The Bhlhe41^–/– mice⁵¹, Bhlhe40^–/– mice²⁸, Csf2rb^–/– Csf2rb2^–/– mice⁴⁶, Cd19^–/– mice⁴³, V_H12 transgenic line 6-1 (ref. ³⁷) and the Vκ4 transgenic line 1-2 (ref. ³⁷) were described previously. All animal experiments were carried out according to valid project licenses, which were approved and regularly controlled by the Austrian Veterinary Authorities.

Generation of the transgenic Bhlhe41-iCre-IRES-hCd2 mouse

The Bhlhe41-Cre-hCD2 reporter mouse was generated as described previously⁵². In brief, the iCre-IRES-hCD2 gene expression cassette was inserted into the mouse Bhlhe41 BAC (RP23-343I17) by recombineering in Escherichia coli. Transgenic mice were generated by injection of supercoiled BAC DNA into pronuclei of C57BL/6xCBA F1 zygotes.
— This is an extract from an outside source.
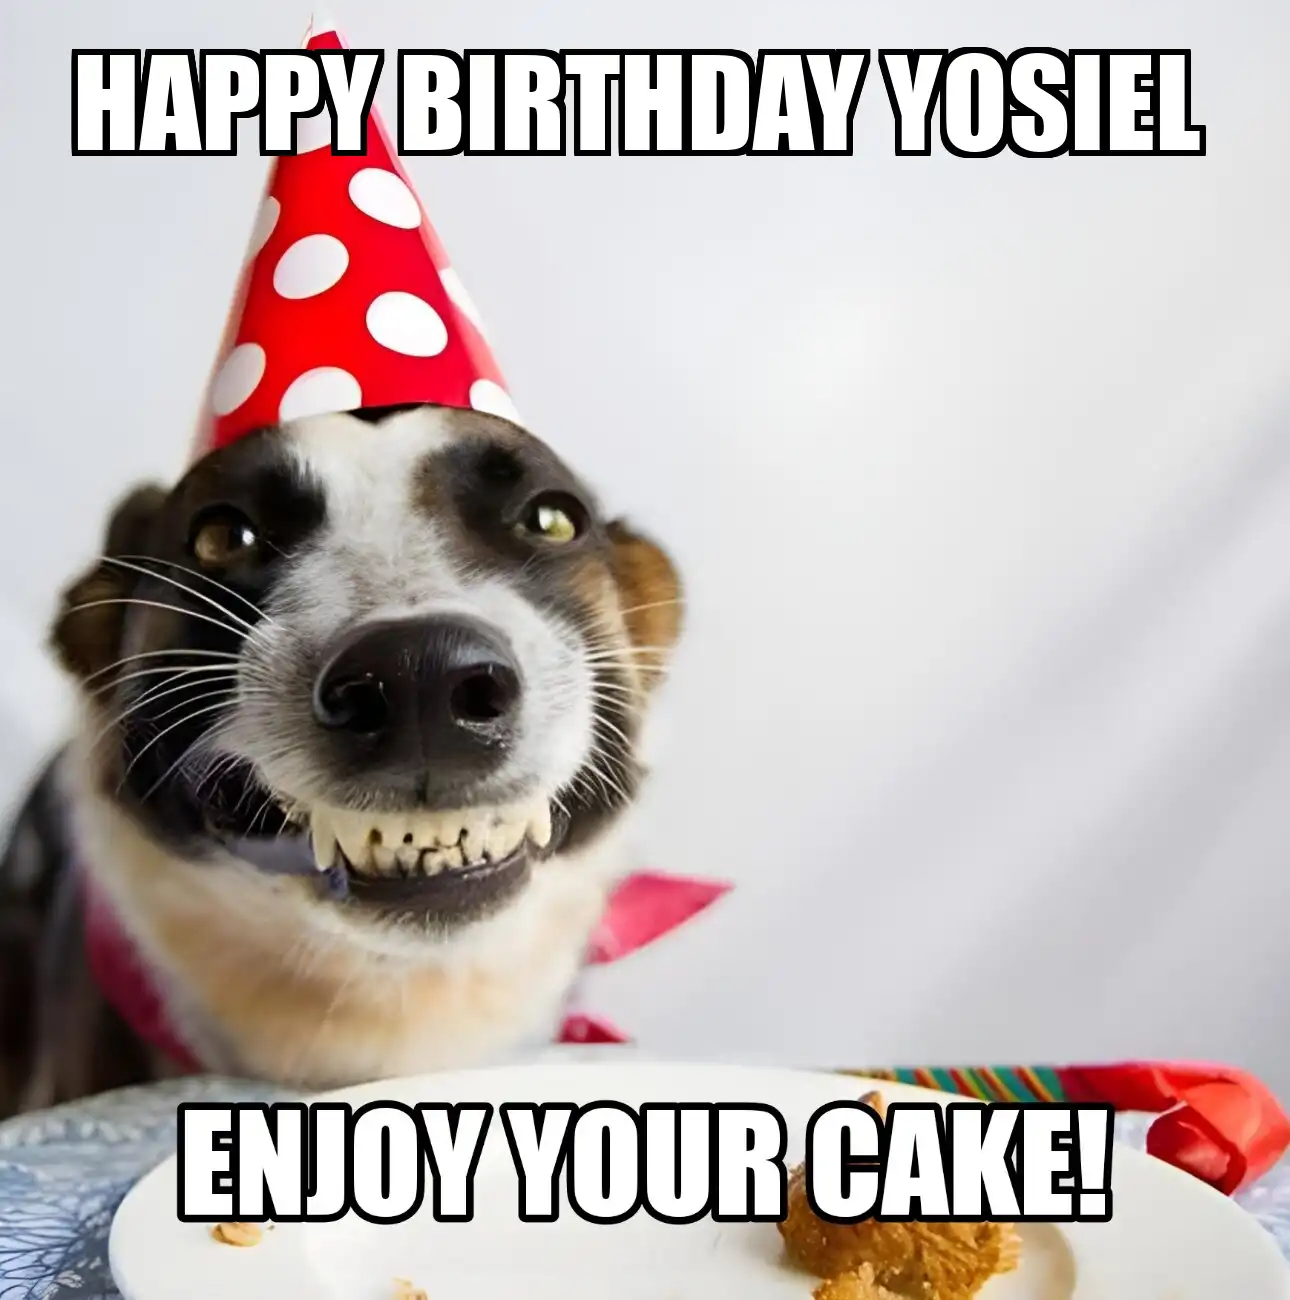 Happy Birthday Yosiel Enjoy Your Cake Dog Meme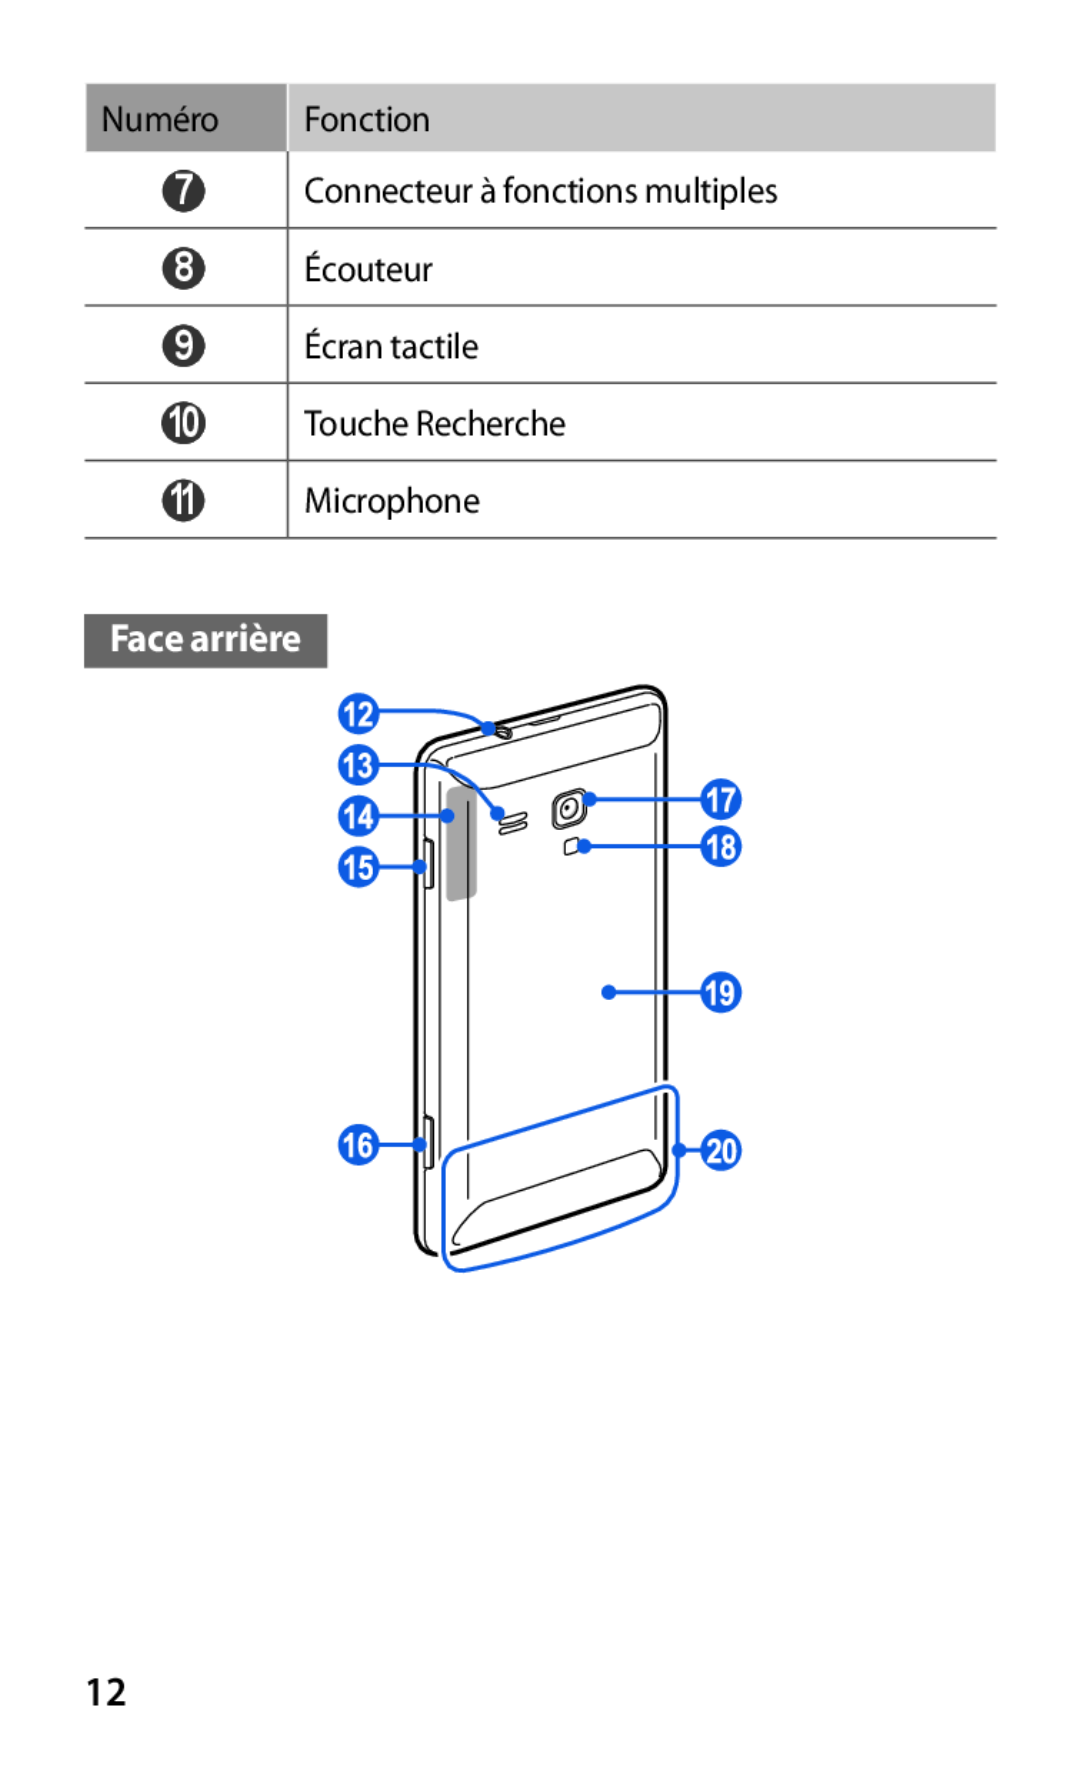 Samsung GT-S7530EAAXEF manual Face arrière, Numéro Fonction 7 Connecteur à fonctions multiples 8 Écouteur, 9 Écran tactile

Generation of the Bhlhe41^Tag allele

The Bhlhe41^Tag allele (Supplementary Fig. 5a) was generated by homologous recombination in mouse ES cells. The corresponding targeting vector was obtained by insertion of the following sequences in the 5′ to 3′ direction into the Bhlhe41 bacterial artificial chromosome (BAC) RP23-343I17 by recombination-mediated genetic engineering in E. coli; a 217-bp fragment containing the C-terminal tag sequences (fused in frame to the last Bhlhe41 codon) and a 1.9-kb fragment containing the promoter of the mouse phosphoglycerate kinase (Pgk1) promoter linked to the neomycin-resistance gene (flanked by loxP sites). The tag sequences contained epitopes for Flag and V5 antibodies, two cleavage sites for the TEV protease and a biotin acceptor sequence (Biotin) for biotinylation by the E. coli biotin ligase BirA. In a second step, the targeting vector was generated by excision and insertion of the integrated sequences together with the flanking 5′ (4.7 kb) and 3′ (1.9 kb) homology regions by recombination-mediated genetic engineering from the modified BAC into the pBV-DTA-pA plasmid containing a gene encoding the herpes simplex virus thymidine kinase (for negative selection). DNA (15 μg) linearized with SgrA1 was transfected by electroporation into cells (1 × 10⁷) of the hybrid C57BL/6 x 129Sv ES cell line A9, followed by selection with 250 μg/ml G418. PCR-positive clones were verified by Southern blot analysis prior to injection into C57BL/6 blastocysts and the generation of Bhlhe41^Tag-neo/+ mice. The Bhlhe41^Tag allele was obtained by crossing Bhlhe41^Tag-neo/+ mice with Meox2^Cre/+ mice⁵³. The following primers were used for PCR genotyping of Bhlhe41^Tag/+ mice: 5′-CTCAGGAAGATGCCACGCAG-bp -3′ (a), 5′-ATTCCACATGGCTCTCCCAC-3′ (b). The Bhlhe41^Tag allele was identified as a 665-bp PCR fragment and the wild-type Bhlhe41 allele as a 384-bp PCR fragment by using the primer pair a/b.

Antibodies

Monoclonal antibodies specific for B220/CD45R (RA3-6B2), CD2 (LFA-2), CD4 (GK1.5), CD5 (53-7.3), CD8α (53-6.7), CD11b (M1/70), CD11c (N418 and HL3), CD19 (6D5 and 1D3), CD21 (7G6), CD23 (B3B4), CD25 (PC61), CD28 (37.51), CD45.1 (A20), CD45.2 (104), CD72 (K10.6), CD93 (AA4.1), CD117/c-Kit (2B8), CD123/IL-3Rα (5B11), CD125/IL-5Rα (T21), CD138 (281-2), Gr-1 (RB6-8C5), IgD (11.26), IgM (II/41), NK1.1 (PK136), Sca-1 (D7), TCRβ (H57-597), TCRγδ (GL3), Ter119 (Ter119), human CD2 (RPA-2.10), Ki67 (SolA15), BLNK phosphorylated at Tyr84 (J117-1278), Erk1/2 phosphorylated at Thr202/Tyr204 (20A), phosphorylated PLCγ2 (K86-1161), Syk phosphorylated at Tyr525/526 (C87C1) and Btk phosphorylated at Tyr551 (M4G3LN) were purchased from BD Biosciences, eBioscience, Cell Signaling Technology or Biolegend.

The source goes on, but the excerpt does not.